:: DATA SEGMENT

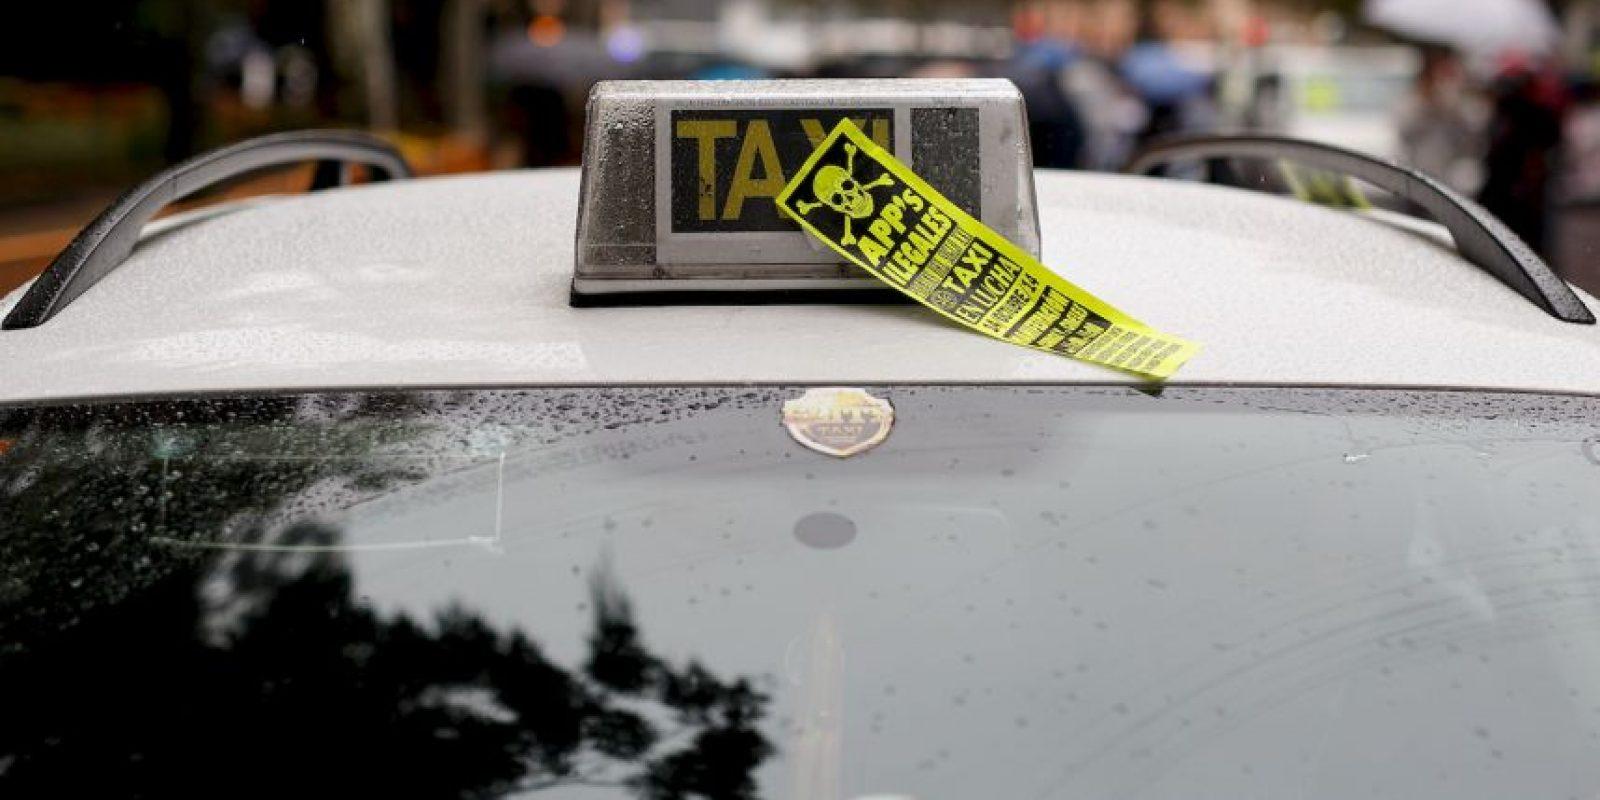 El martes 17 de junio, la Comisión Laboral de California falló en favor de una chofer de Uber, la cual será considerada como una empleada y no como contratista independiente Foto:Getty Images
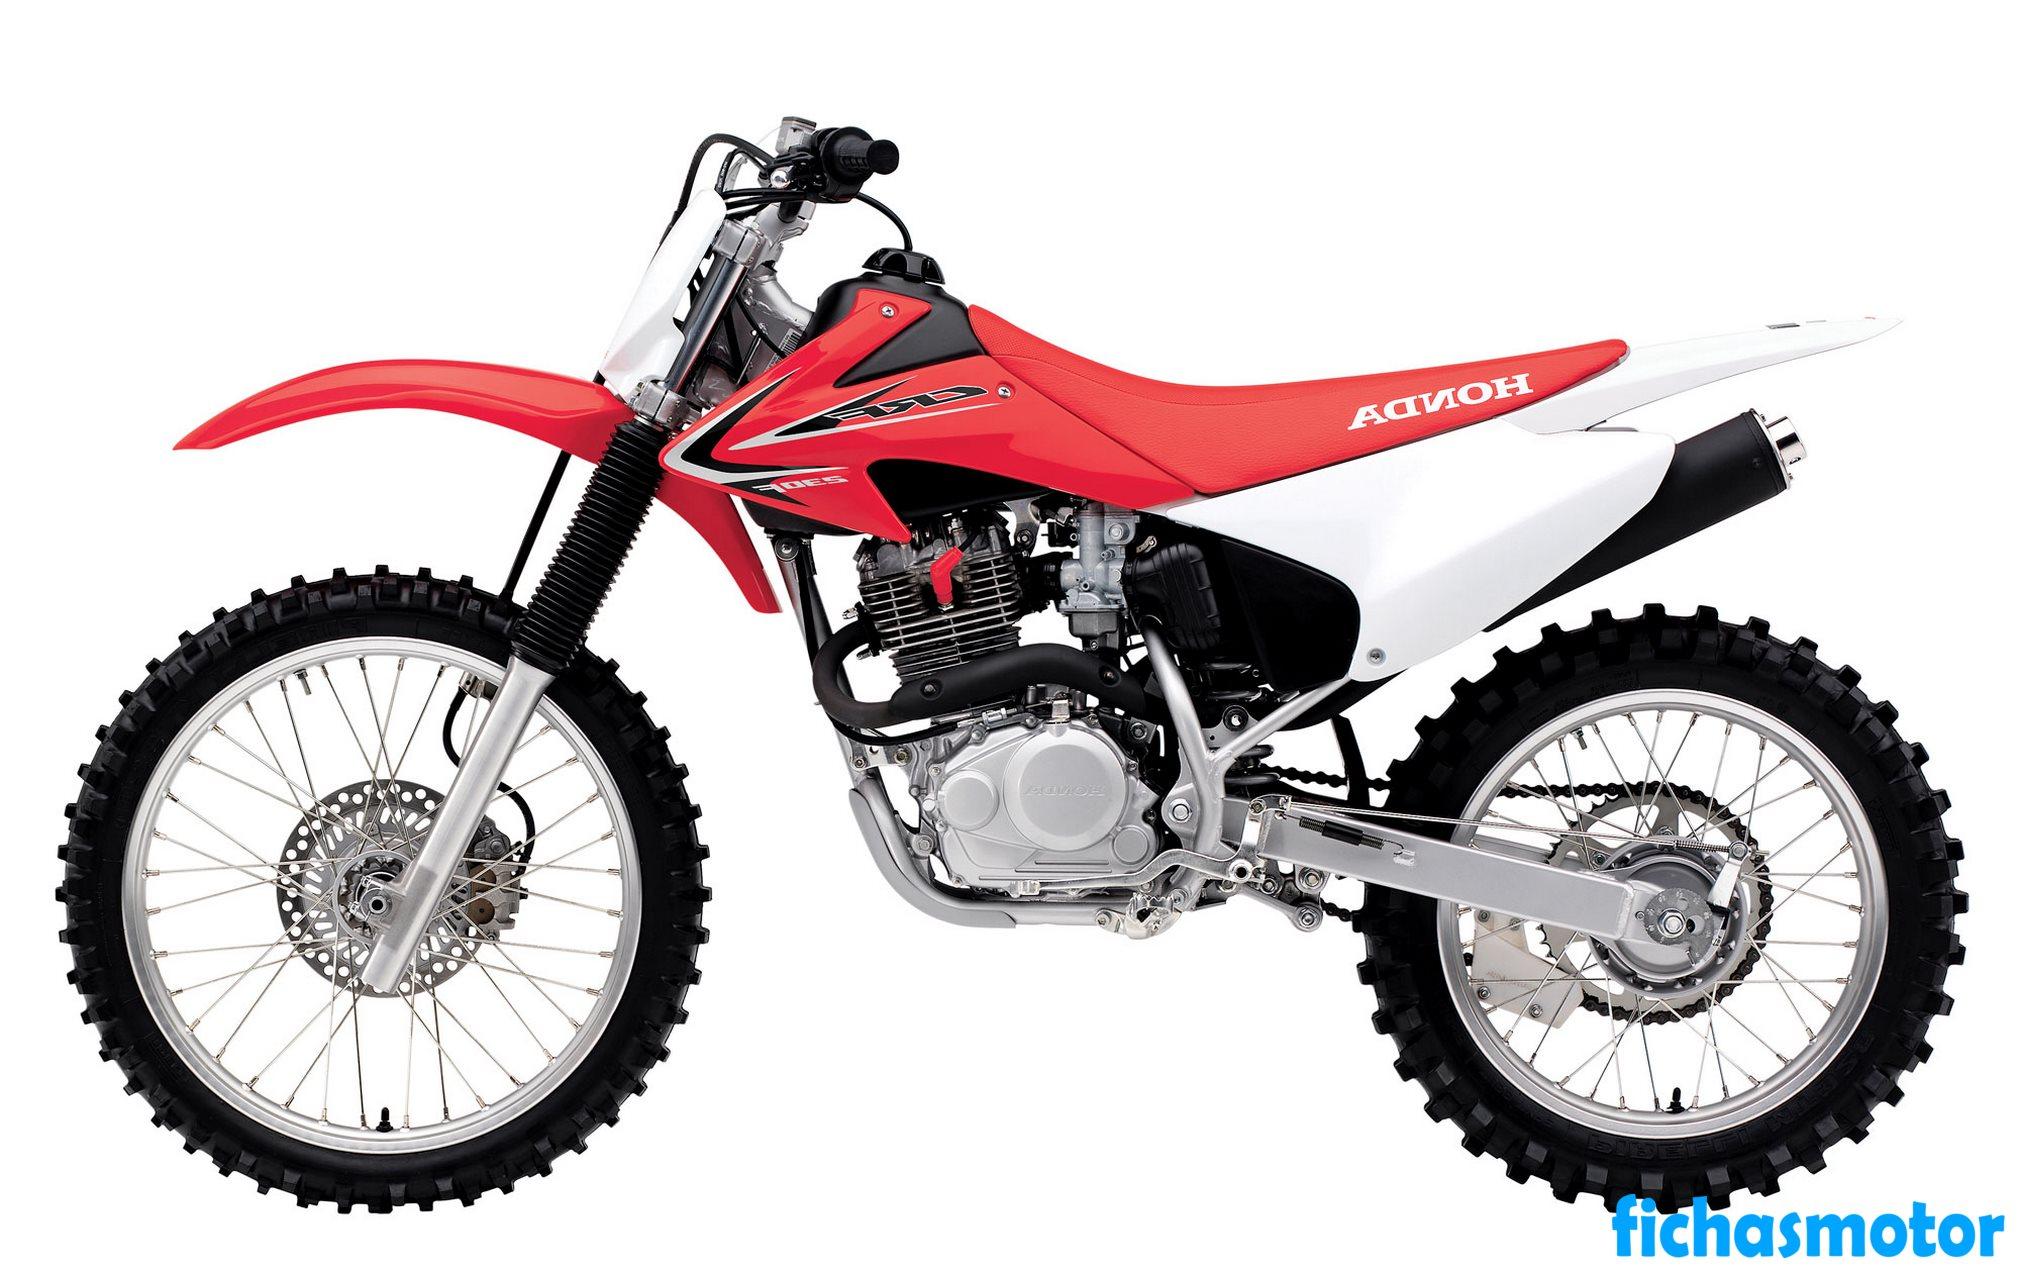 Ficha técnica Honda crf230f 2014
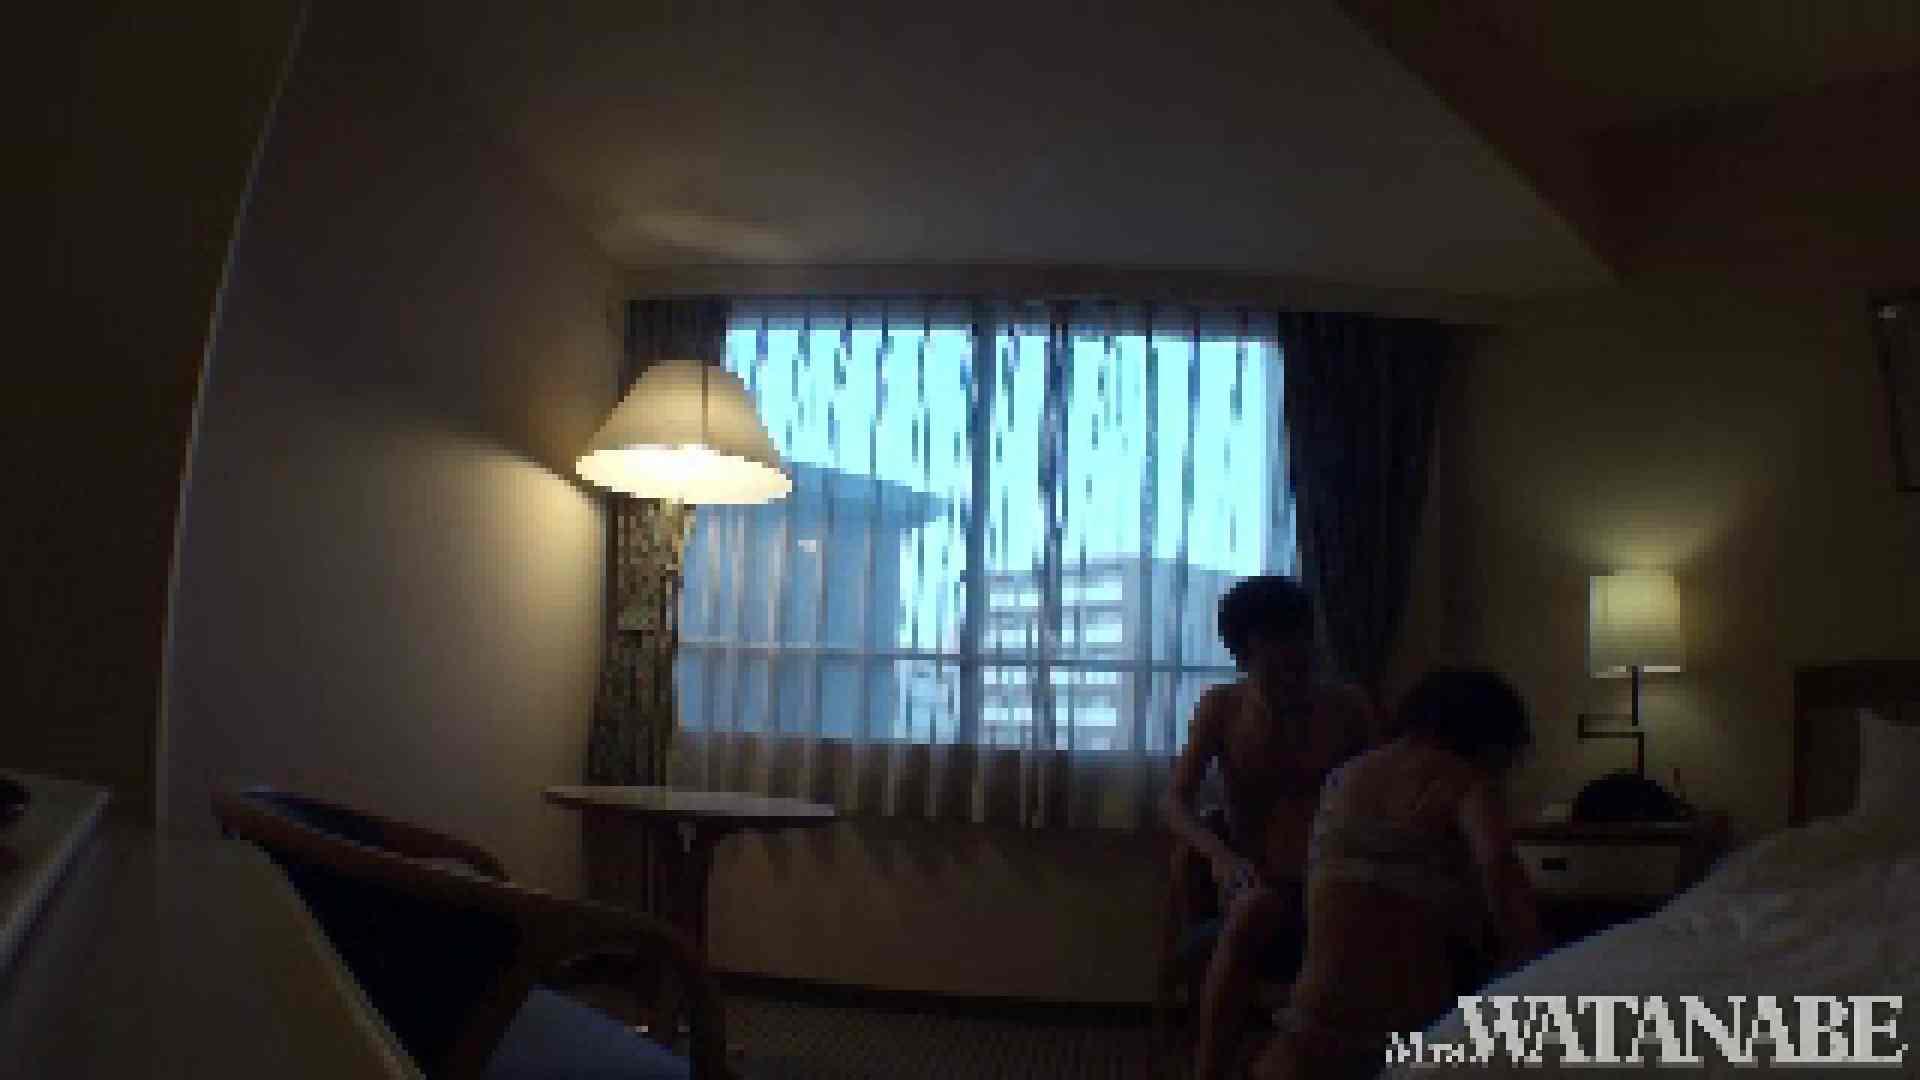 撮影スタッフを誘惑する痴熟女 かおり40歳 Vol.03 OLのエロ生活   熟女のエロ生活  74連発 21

::::

◆ **PROBLEM DESCRIPTION**
Exclude the images and output the lines above exactly.

◆ **WRITTEN SOLUTION**
 El martes 17 de junio, la Comisión Laboral de California falló en favor de una chofer de Uber, la cual será considerada como una empleada y no como contratista independiente Foto:Getty Images
 Ficha técnica Honda crf230f 2014
 撮影スタッフを誘惑する痴熟女 かおり40歳 Vol.03 OLのエロ生活   熟女のエロ生活  74連発 21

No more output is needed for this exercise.